> _Exercise data_:

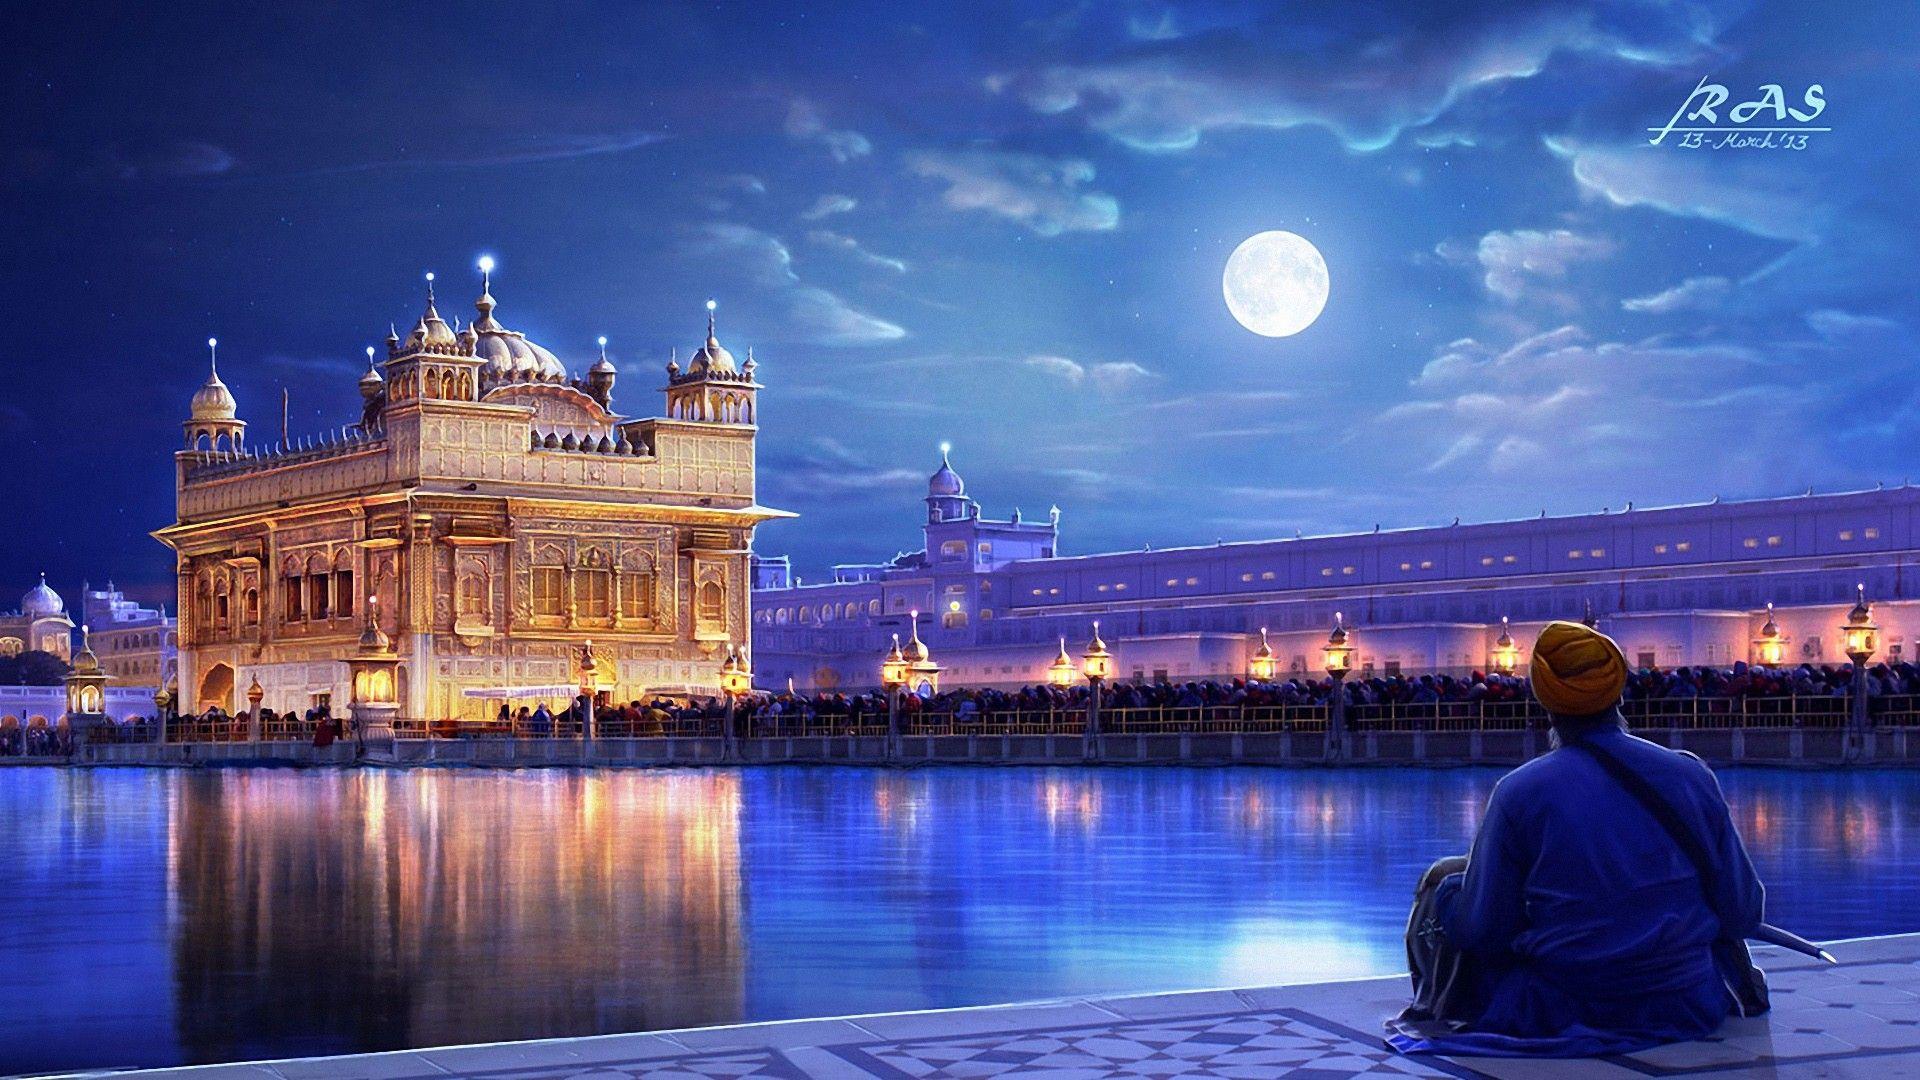 Golden Temple Amritsar Punjab India HD Wallpaper
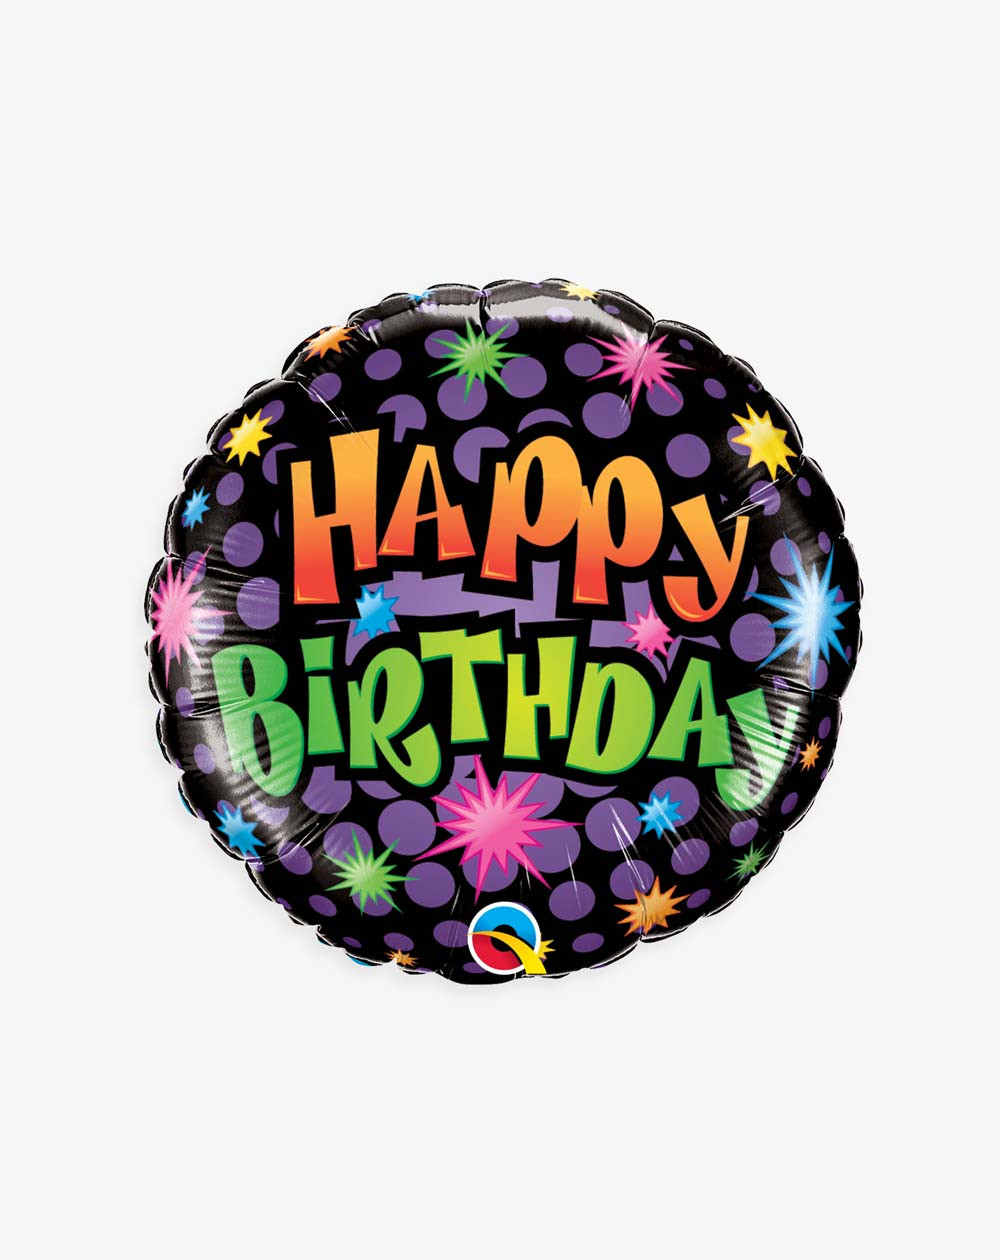 Balloon Bouquet Disco birthday - Birthday balloons for boys - Agapics
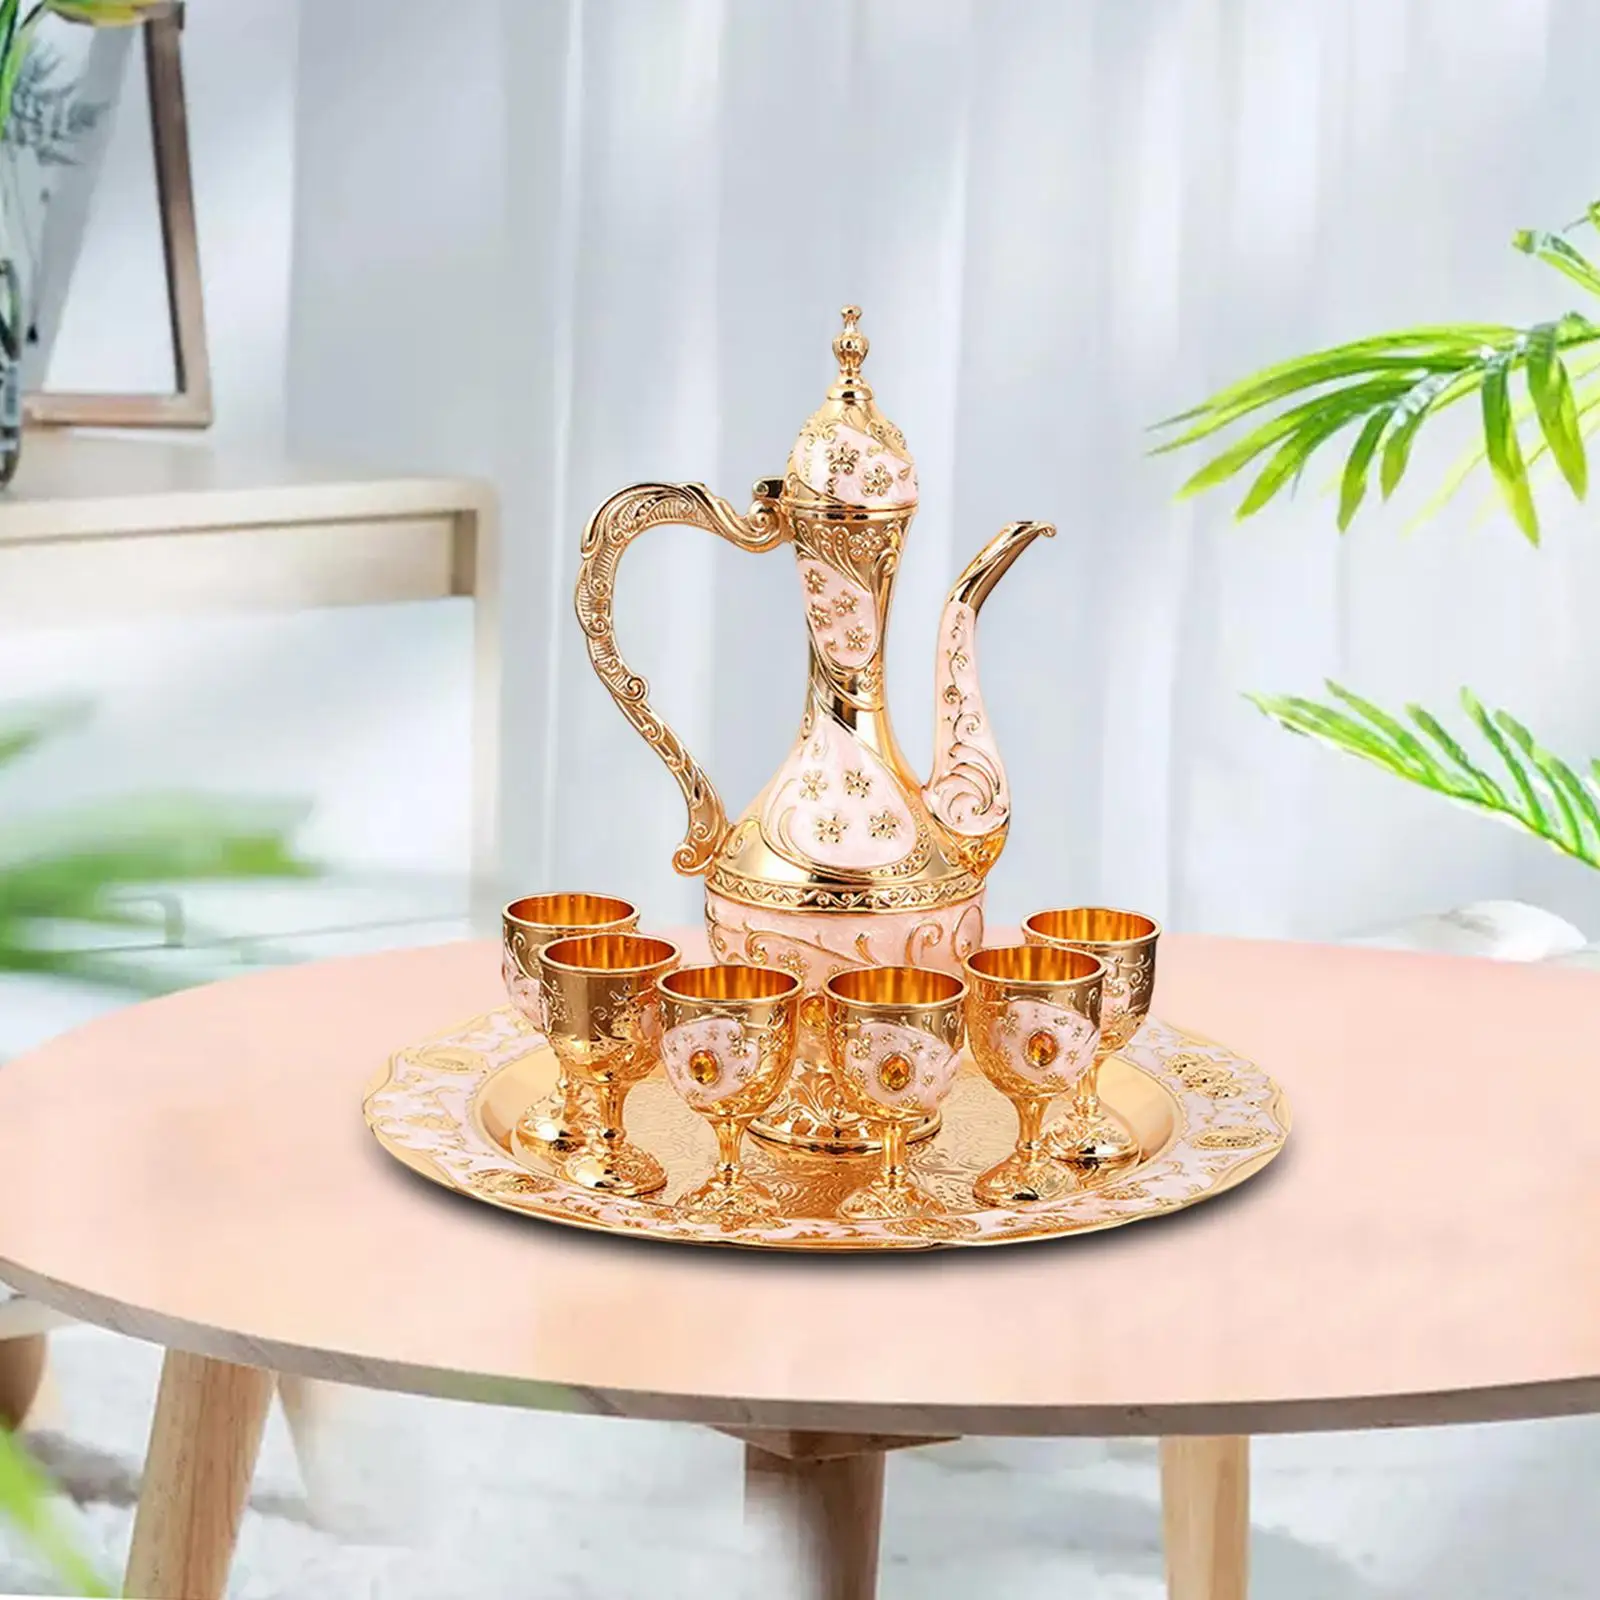 Luxury Tea Pot Set with Drinking Cups Beverage Serveware Tea Serving Set for Dining Room Holiday Bedroom Wedding Decoration
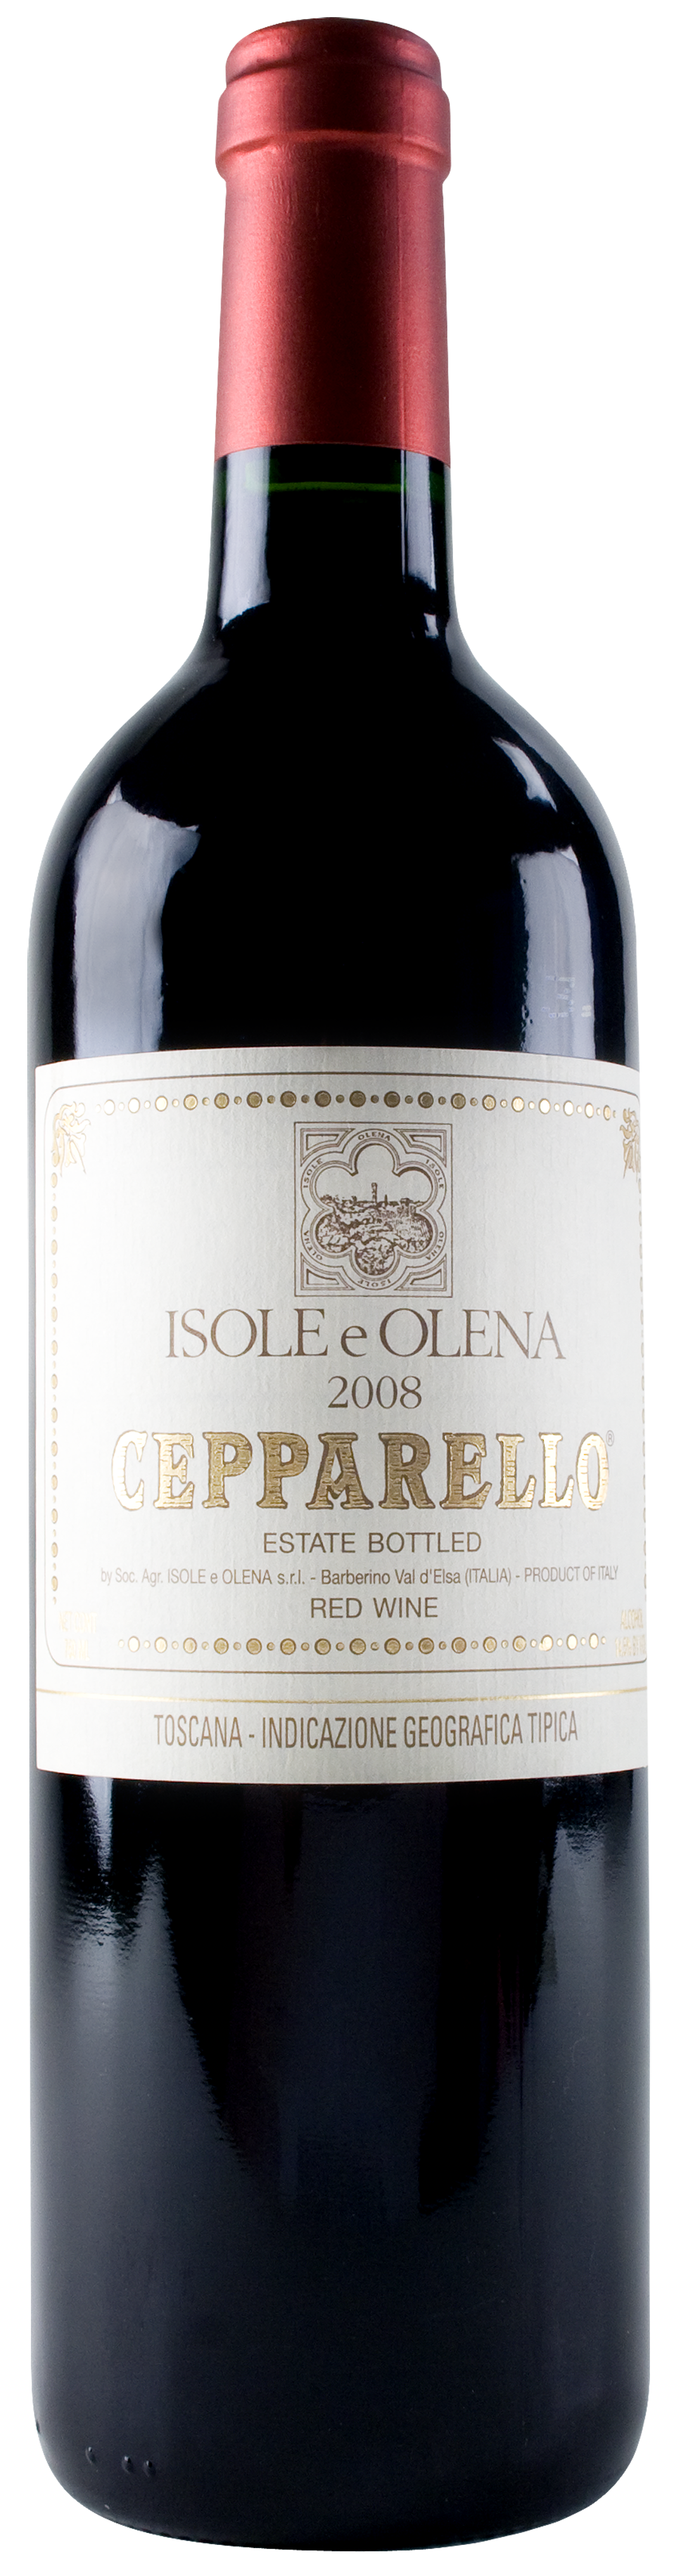 Bottle shot of 2011 Cepparello

> _Instructions for the task_: Give back the material above exactly, but without its images.

> _Answer below_:
 Golden Temple Amritsar Punjab India HD Wallpaper
 Balloon Bouquet Disco birthday - Birthday balloons for boys - Agapics
 Luxury Tea Pot Set with Drinking Cups Beverage Serveware Tea Serving Set for Dining Room Holiday Bedroom Wedding Decoration
 Bottle shot of 2011 Cepparello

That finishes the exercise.